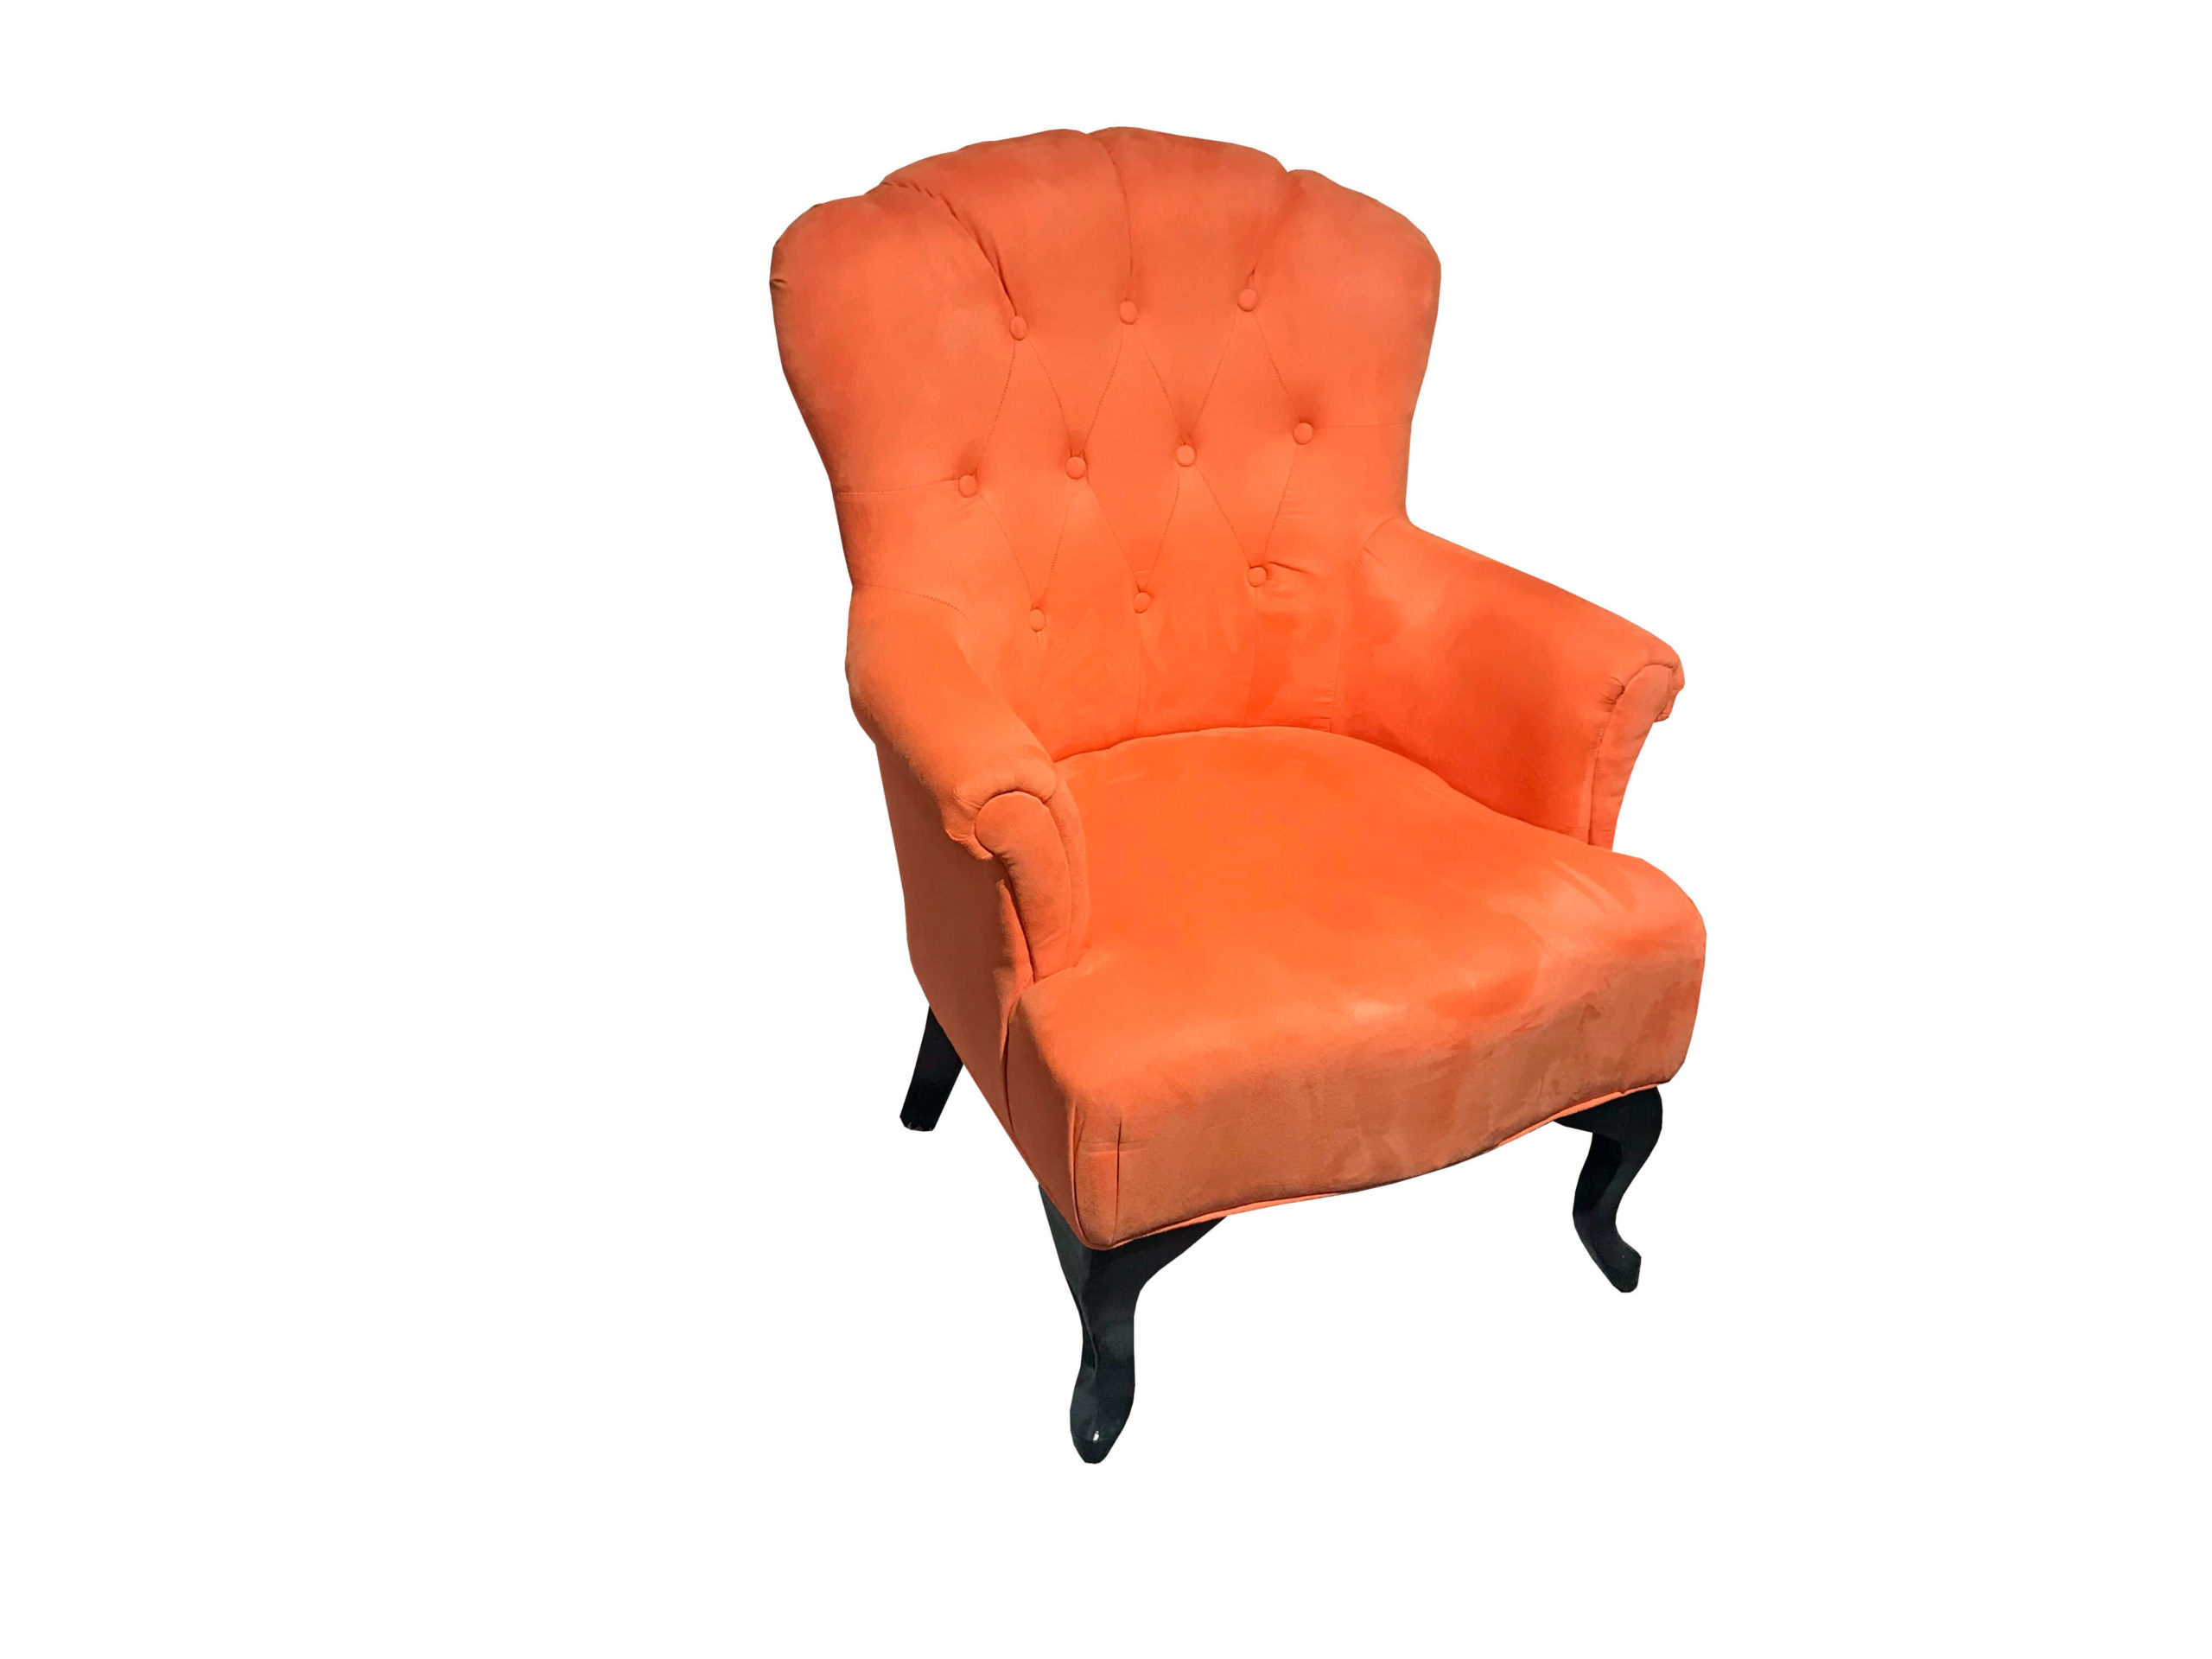 orangefarbener Sessel im Cafehaus-Stil zum Abverkaufspreis
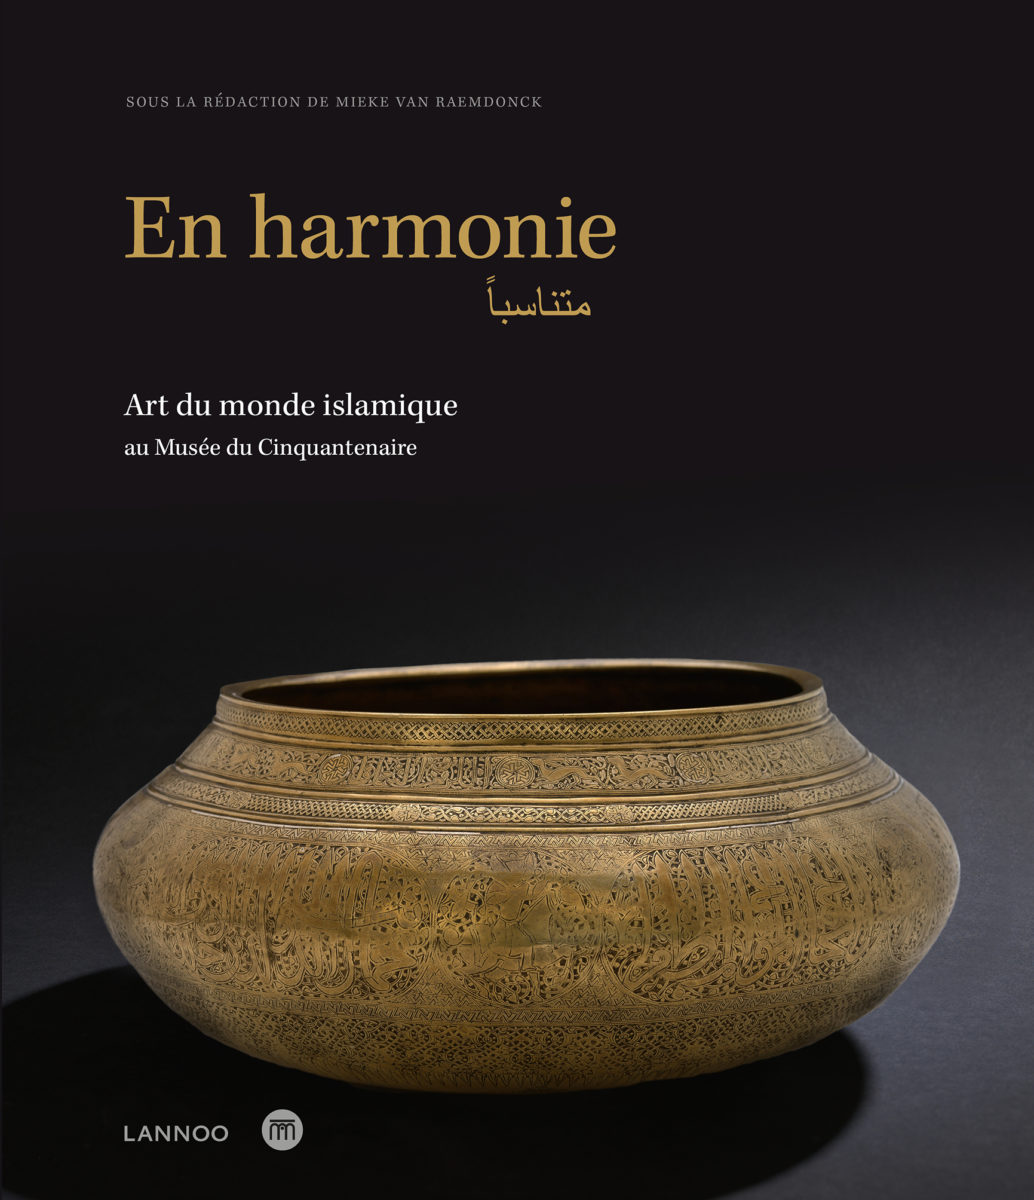 , En harmonie Art du monde islamique au Musée du Cinquantenaire
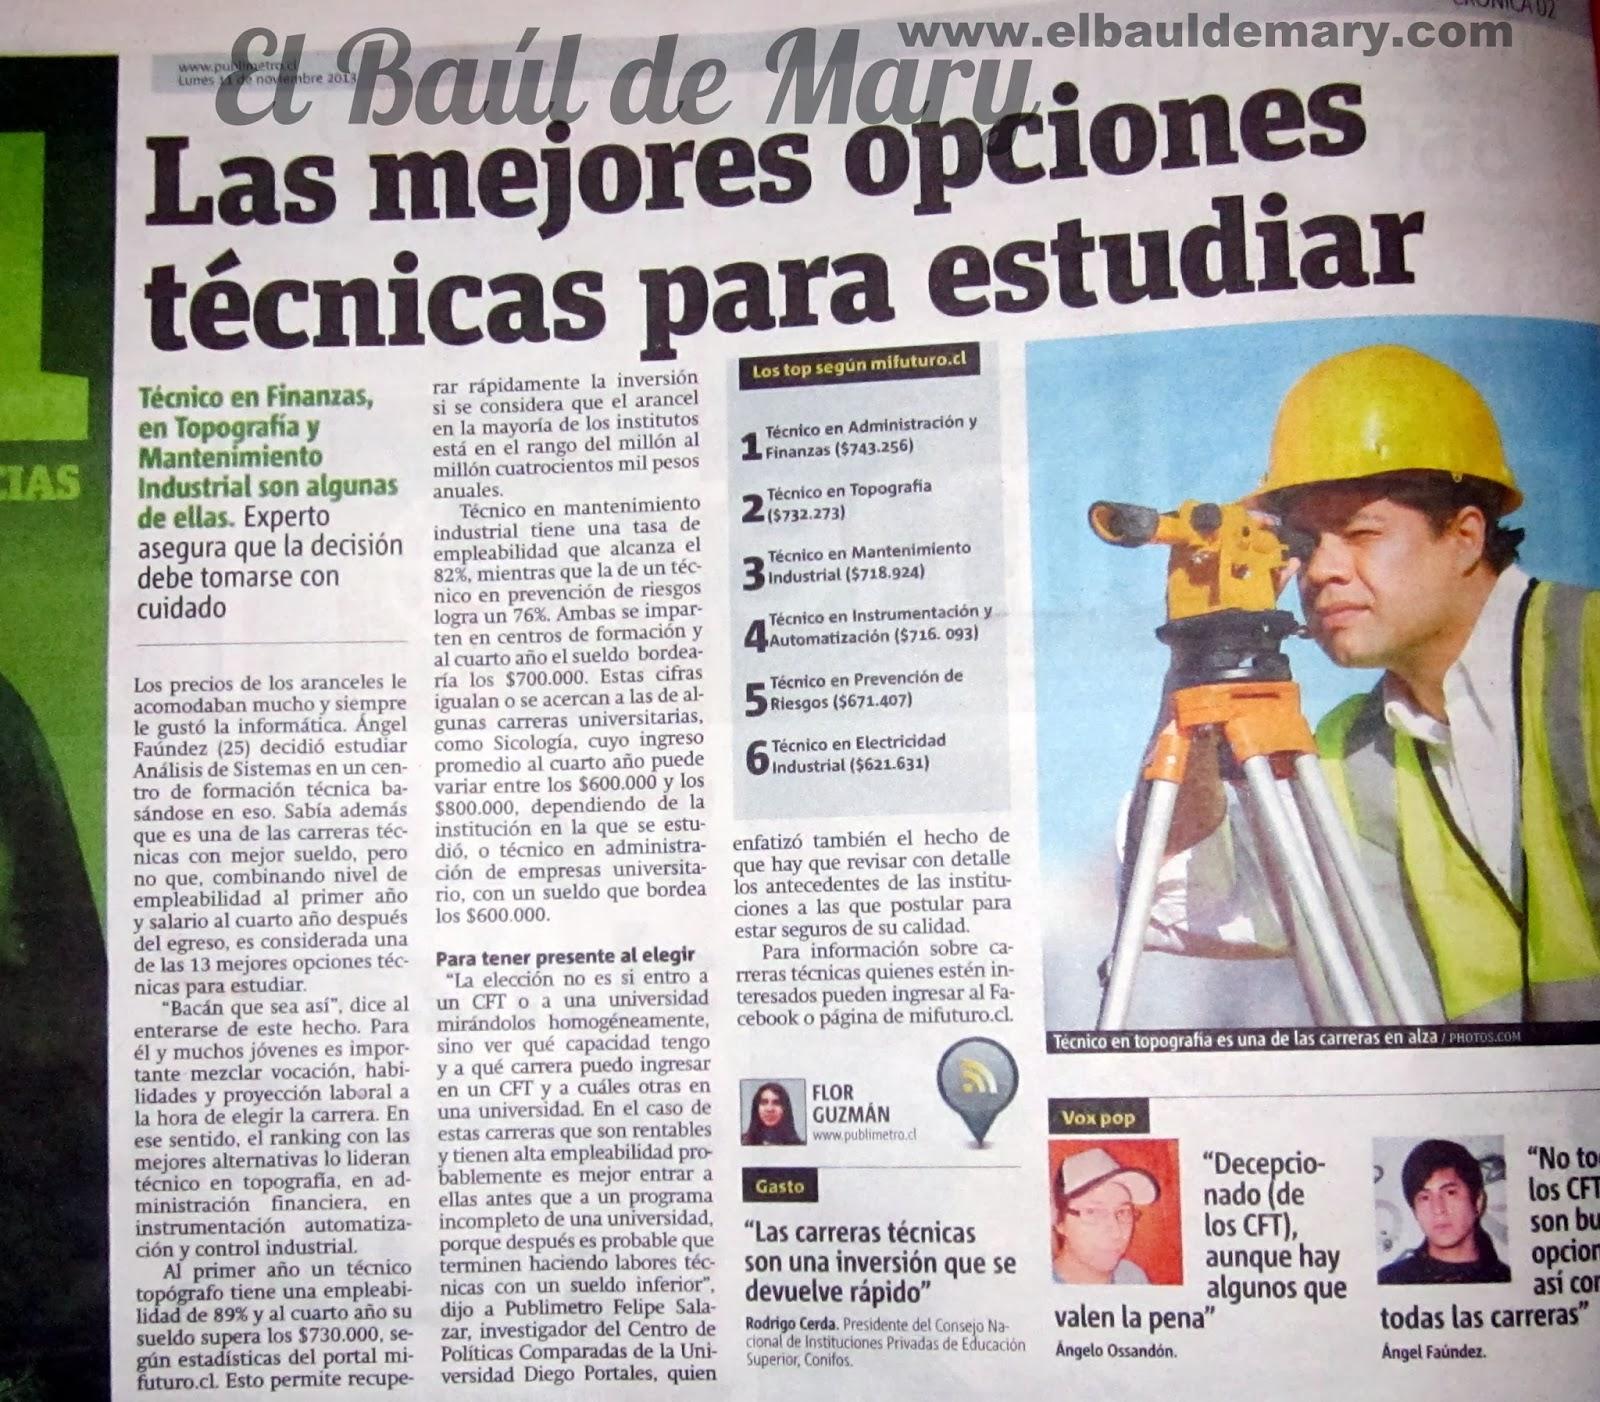 Mejores oportunidades para venezolanos en Chile
____
YOUR INSTRUCTIONS
Copy out the listing above in full and keep the pictures out.

EXPECTED ANSWER
 orangefarbener Sessel im Cafehaus-Stil zum Abverkaufspreis
 , En harmonie Art du monde islamique au Musée du Cinquantenaire
 Mejores oportunidades para venezolanos en Chile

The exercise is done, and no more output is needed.